Resting on stone slabs, the monument was six feet high and eighteen feet around; Stirling figured it weighed ten tons. It was carved from a solid piece of basalt—though the nearest source of that stone lay more than ten miles away, through the enveloping swamps. Who had lugged the stone all that distance? And who had sculpted it with such consummate craftsmanship? “Like a great American Sphinx,” Stirling wrote in an article for National Geographic, “the Colossal Head, newly cleared of the imprisoning earth, still looks imperturbably toward the north across the abandoned plaza where once barbaric ceremonies were performed. Could his great mouth but speak, one of the most important chapters of American history would doubtless be revealed to us.”
Stirling wasn’t the first outsider to gaze at the strange monument. The gigantic head of Tres Zapotes had been discovered nearly eighty years before, when a worker clearing land for sugar cane had exposed what he thought was the bottom of an enormous black kettle. He’d sent for the hacienda owner, who’d dispatched a crew to excavate it. But frustrated that the find wasn’t more transportable, or marketable, they’d left the sculpture sitting in the dirt. Though a few archaeologists and travelers had come to gawk during the next eight decades, the monument had attracted less curiosity than you might have expected for an enormous basalt head buried in the middle of nowhere. Over the years, the earth had swallowed it again, up to its enigmatic brow.
Stirling was chief of the Smithsonian Institution’s Bureau of American Ethnology, where he’d gone to work seventeen years earlier, even before finishing his master’s degree at George Washington University, in Washington, D.C. Before that he’d done a stint in the Navy in the First World War, then had graduated from the University of California at Berkeley, where he’d studied geology and archaeology and competed in the pole vault and triple jump. He’d conducted some digs for the Smithsonian in Florida and South Dakota, but finding that work tame, he’d resigned from the BAE and done his own exploration of the Upper Amazon. Then the Smithsonian and the Dutch colonial government had chosen him to lead an eight-hundred-person expedition to New Guinea, the largest mission of its kind ever undertaken to that point, to investigate the island’s indigenous peoples, flora, and fauna. In 1928, he’d rejoined the BAE, this time as chief. He’d also met his wife, Marion, there, when she was hired as his secretary; they were married in 1933.

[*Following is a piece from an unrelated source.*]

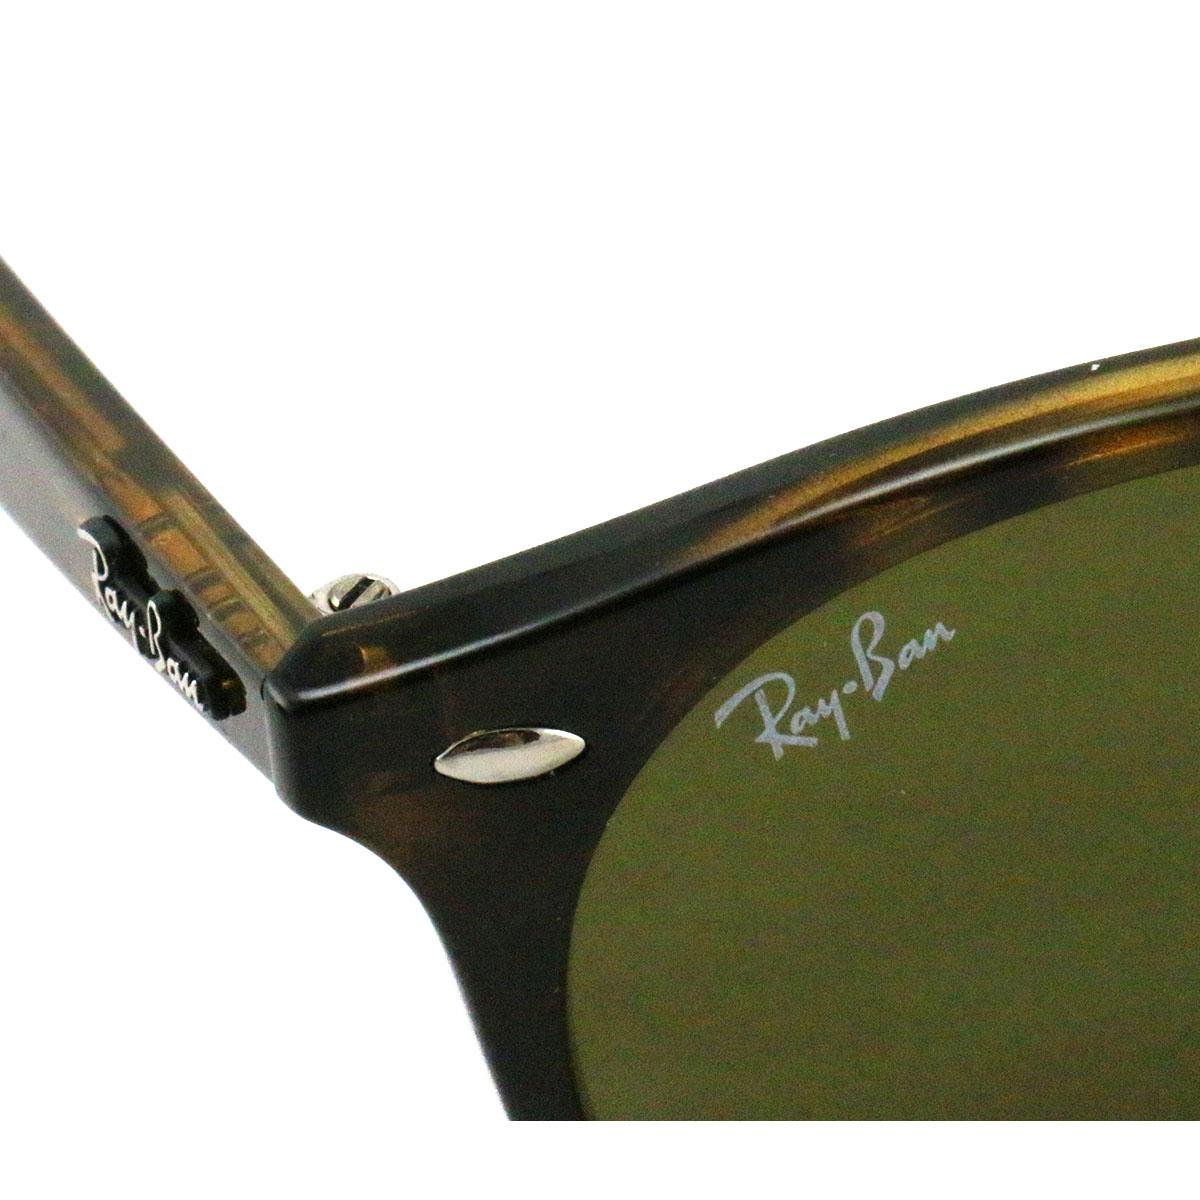 89dfe1beee555 Description. Ray-Ban Injected Sunglasses RB4279 Shiny Havana Non-Polarized  51 21 150. Specification

Stirling had been curious about the colossal head of Tres Zapotes partly because of some smaller pre-Columbian pieces that had been turning up in that part of Mexico. Carved from an exquisite jade ranging from translucent blue-green to smoky blue-gray, the pieces were executed in a strange, unclassifiable style, depicting individuals with round faces and broad noses, downward-turning mouths, and grotesque features that seemed to combine elements of human infants and jaguars. Stirling had first come across the style around 1918, while still a student, in an old picture of a small blue jade mask; then, two years later, while traveling in Europe, he’d tracked down the original in a Berlin museum. Beginning in the late 1920s, a consensus had been building—promoted by the German archaeologist Hermann Beyer along with Marshall Saville of the Museum of the American Indian and George C. Vaillant of the American Museum of Natural History—that these pieces, so different from anything Maya, had been created by a previously unknown people living along Mexico’s Gulf Coast.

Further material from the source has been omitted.